Task to complete
Retype exactly what appears below from the line containing "Brighton-Solar-Challenge-Hero-Banner-2" down to the line containing "charlotte-kensington-portraits-ulitmate-makeover-2.jpg", keeping both end lines. Do not include pictures.

Entries supplied
——————
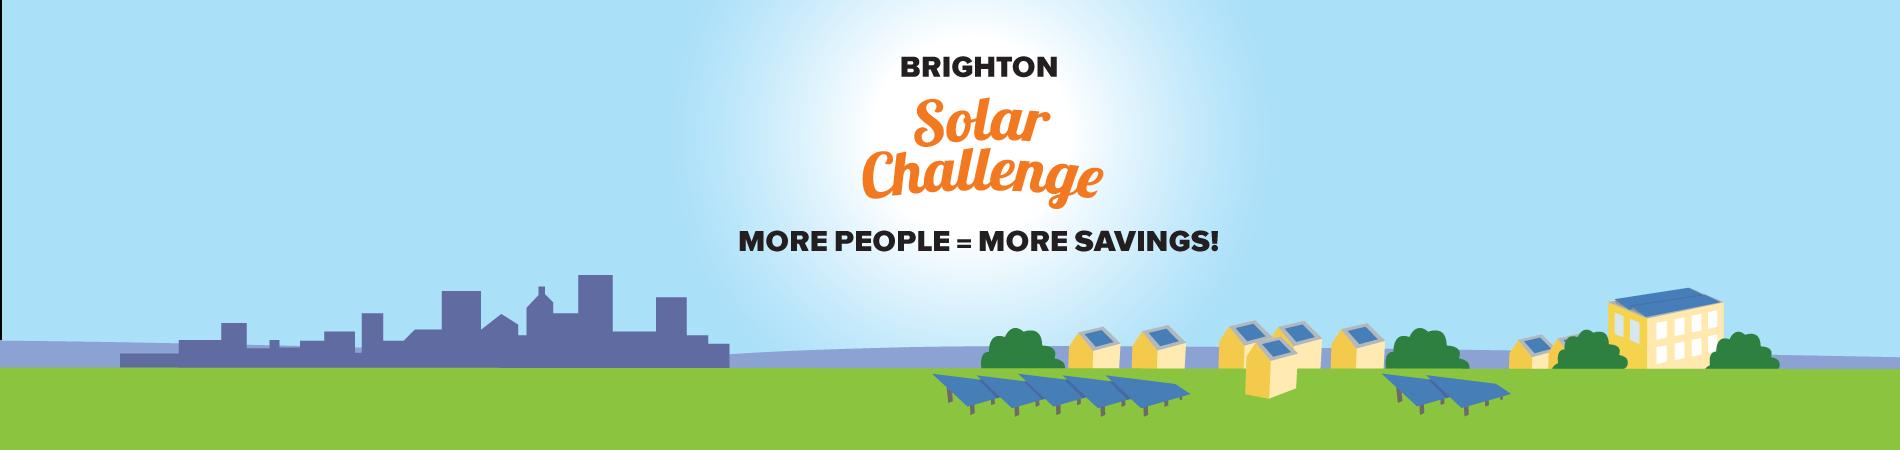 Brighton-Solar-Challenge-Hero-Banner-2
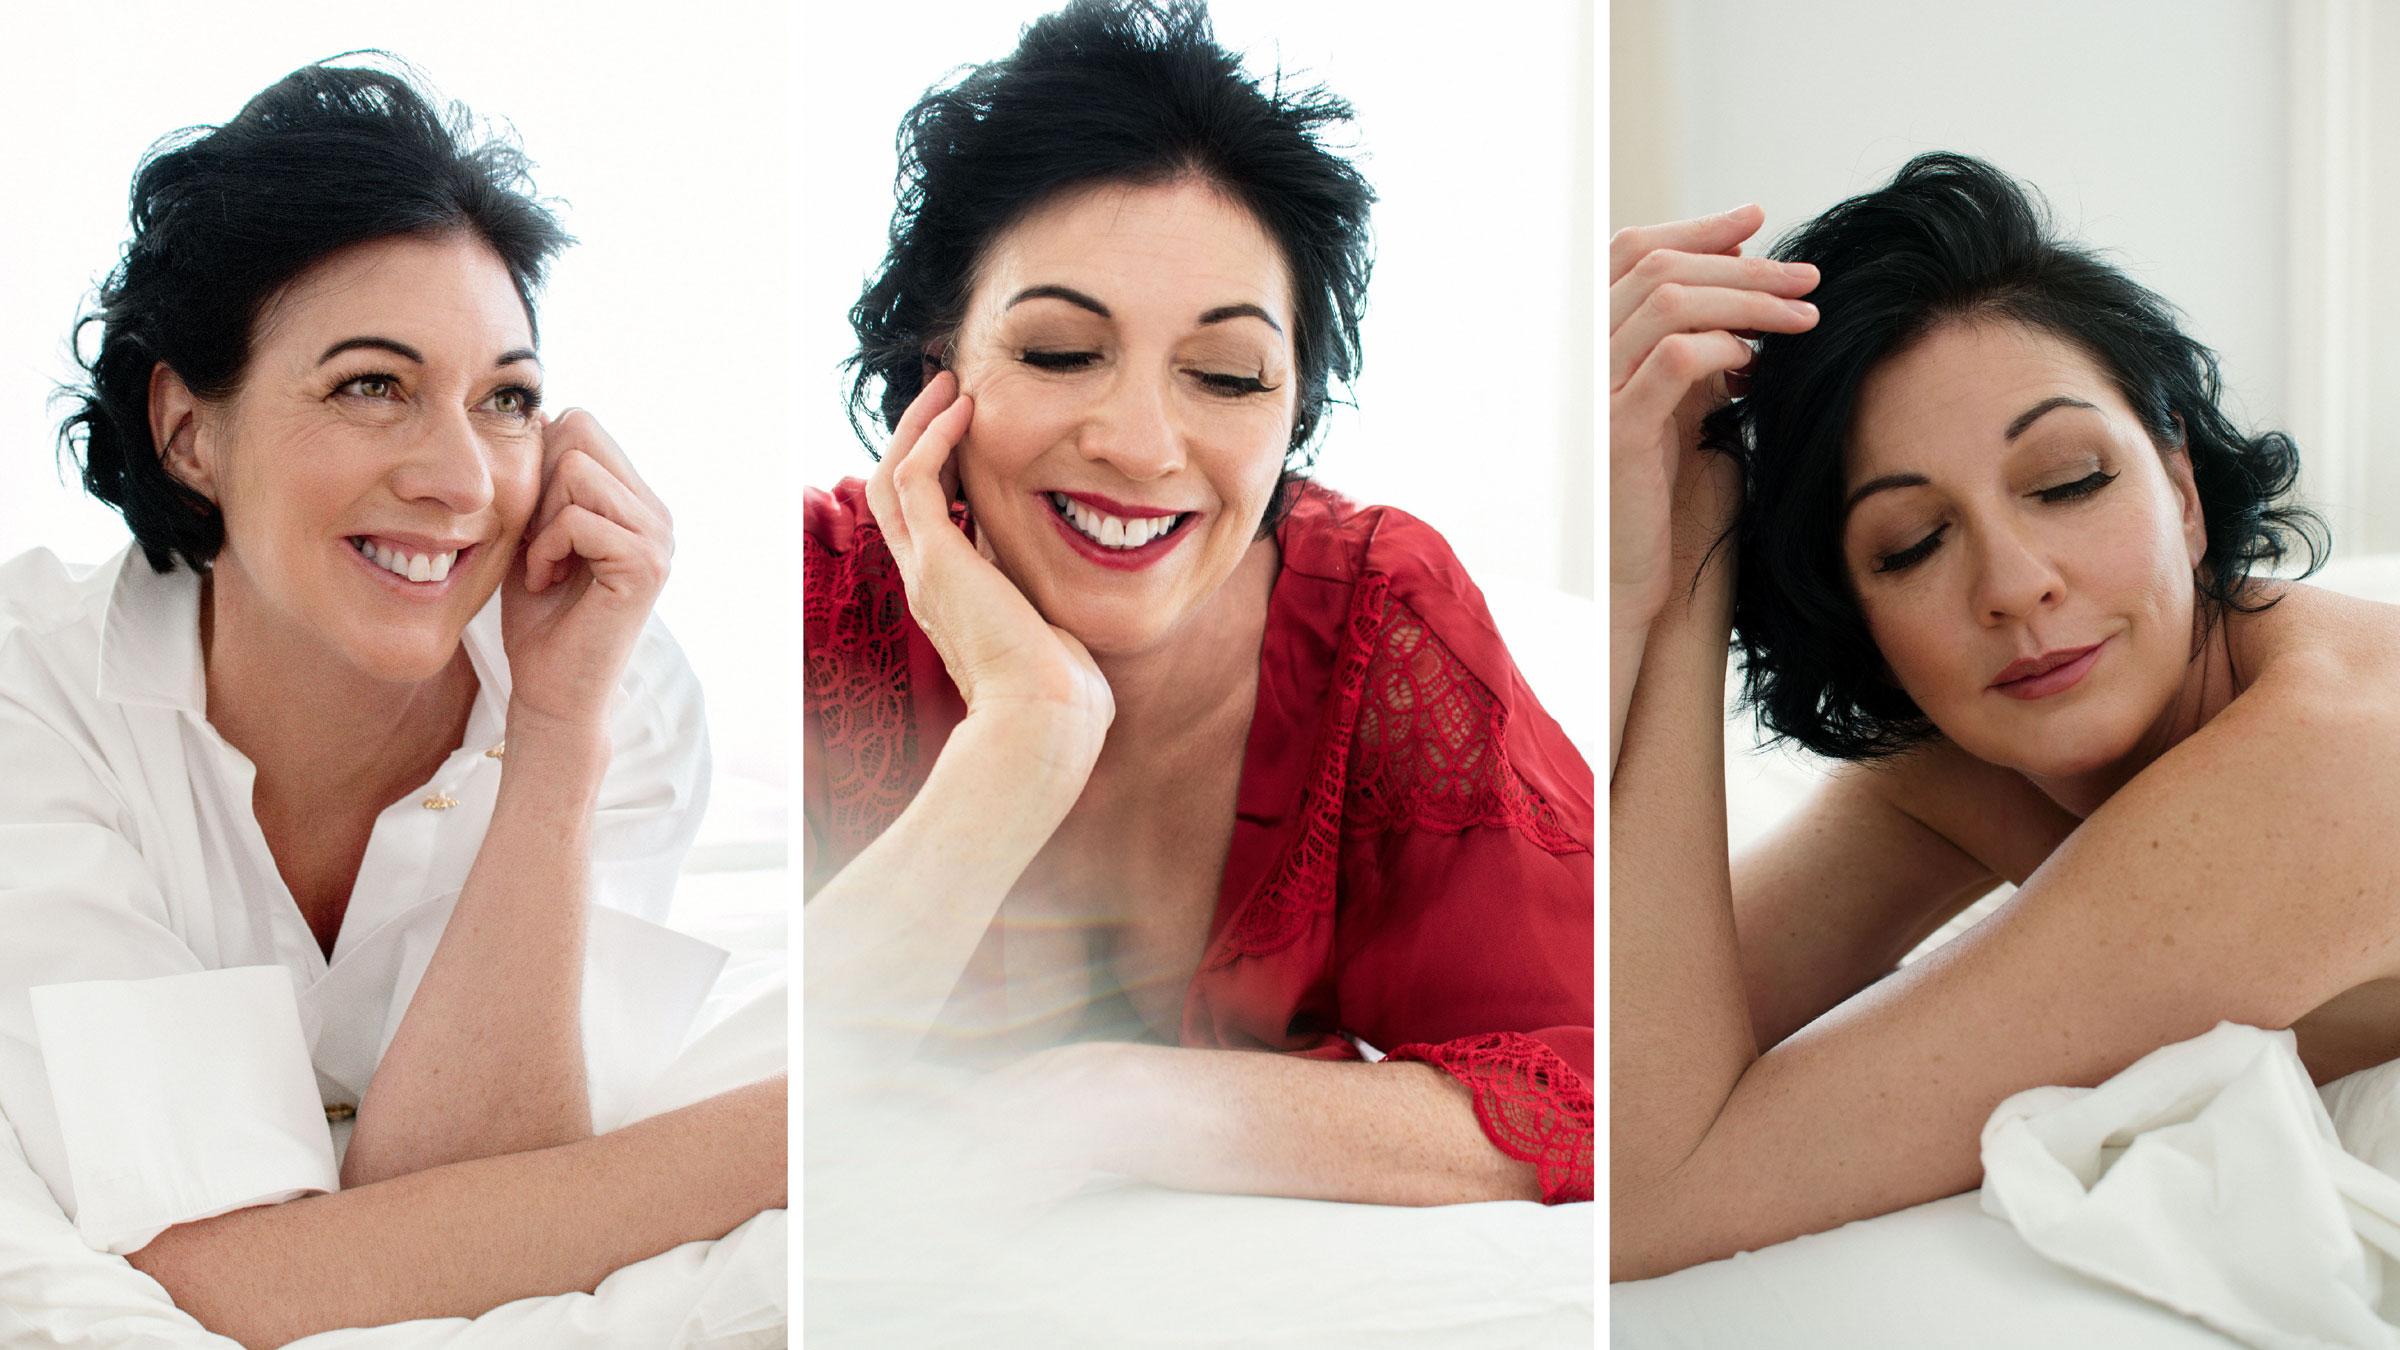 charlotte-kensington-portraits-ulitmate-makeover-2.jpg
——————
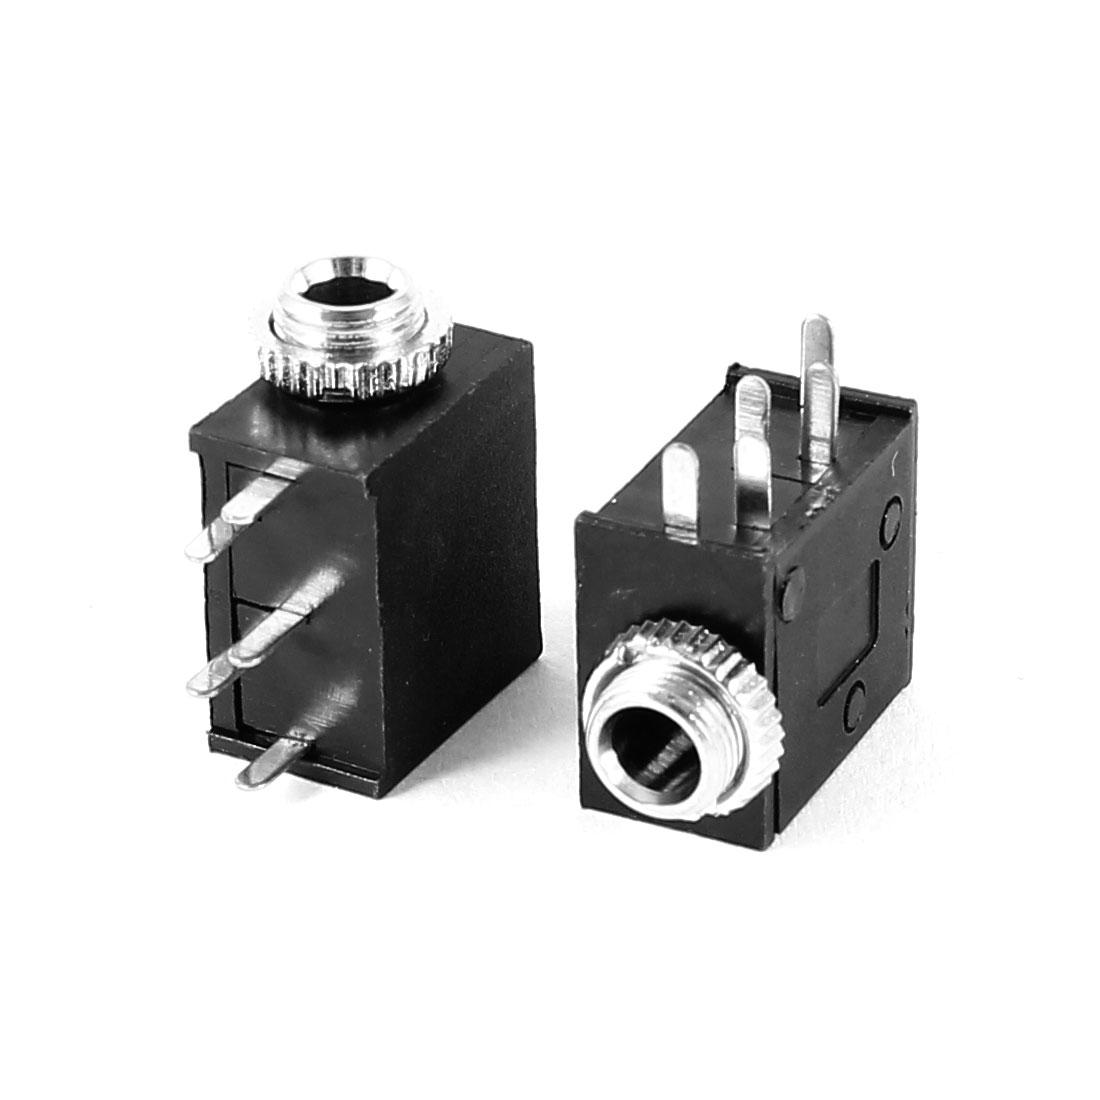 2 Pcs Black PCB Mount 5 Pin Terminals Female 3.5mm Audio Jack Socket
——————
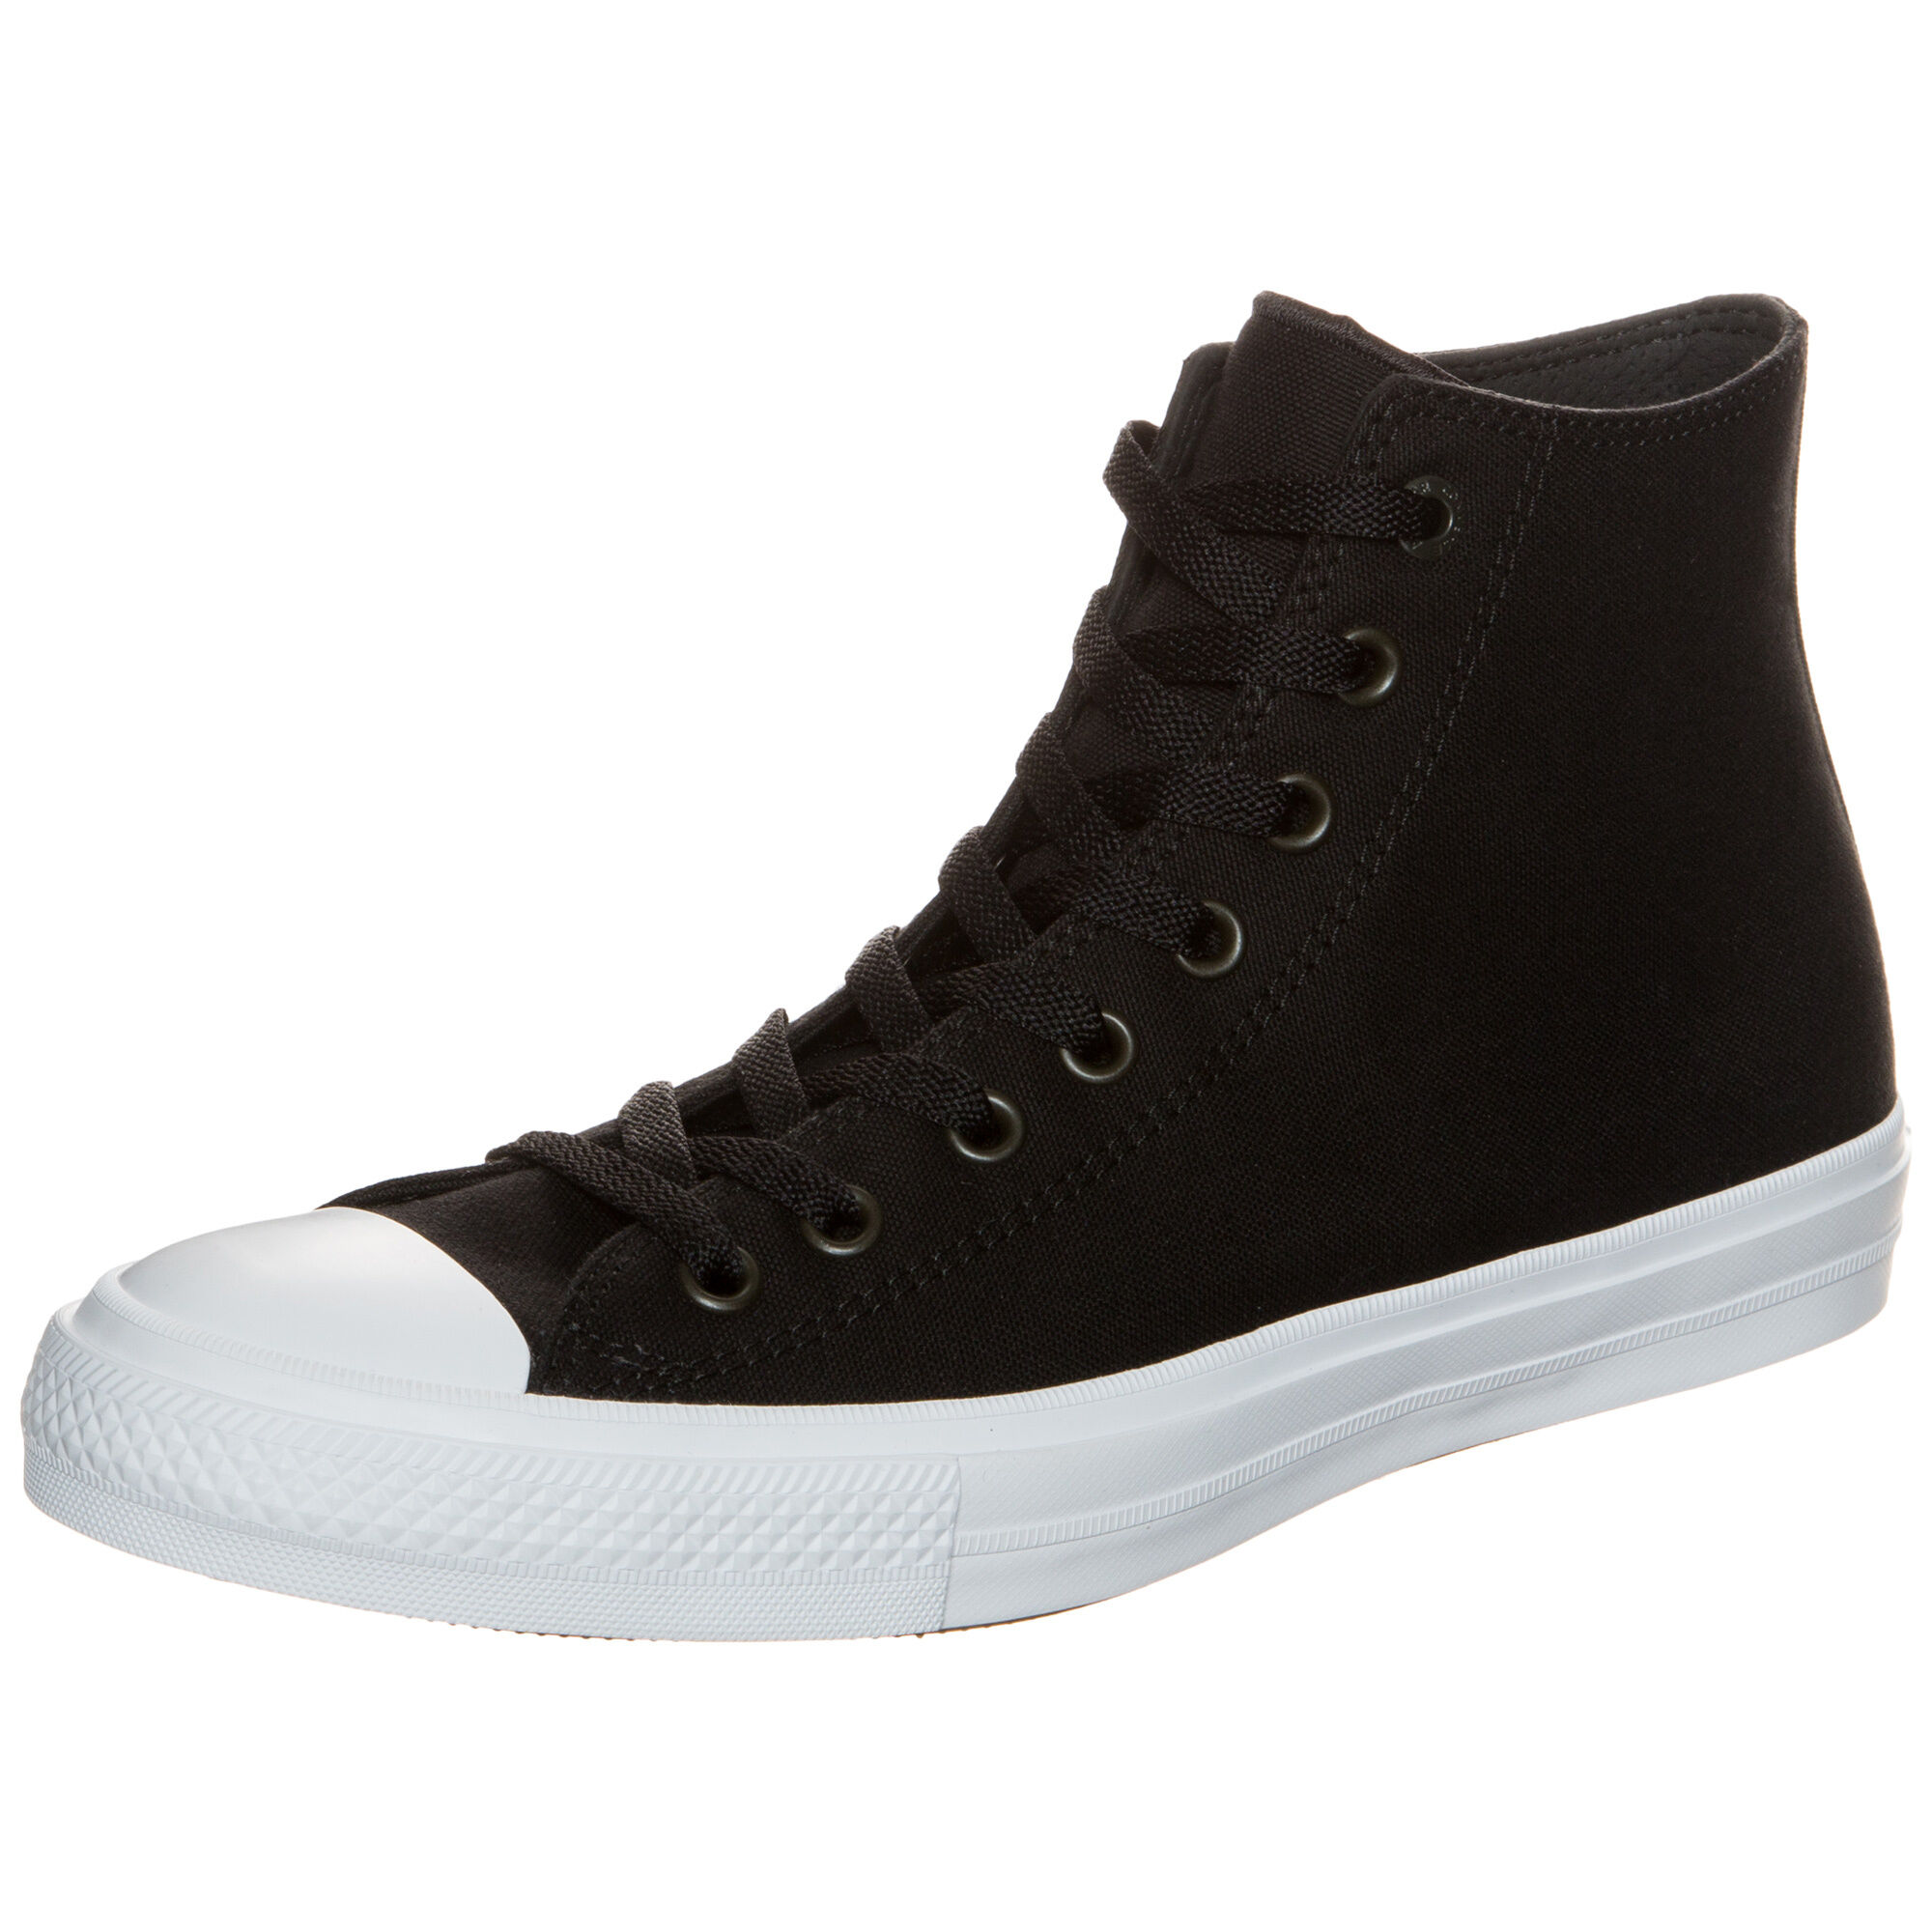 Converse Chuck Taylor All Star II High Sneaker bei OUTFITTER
——————
Task result
 Brighton-Solar-Challenge-Hero-Banner-2
 charlotte-kensington-portraits-ulitmate-makeover-2.jpg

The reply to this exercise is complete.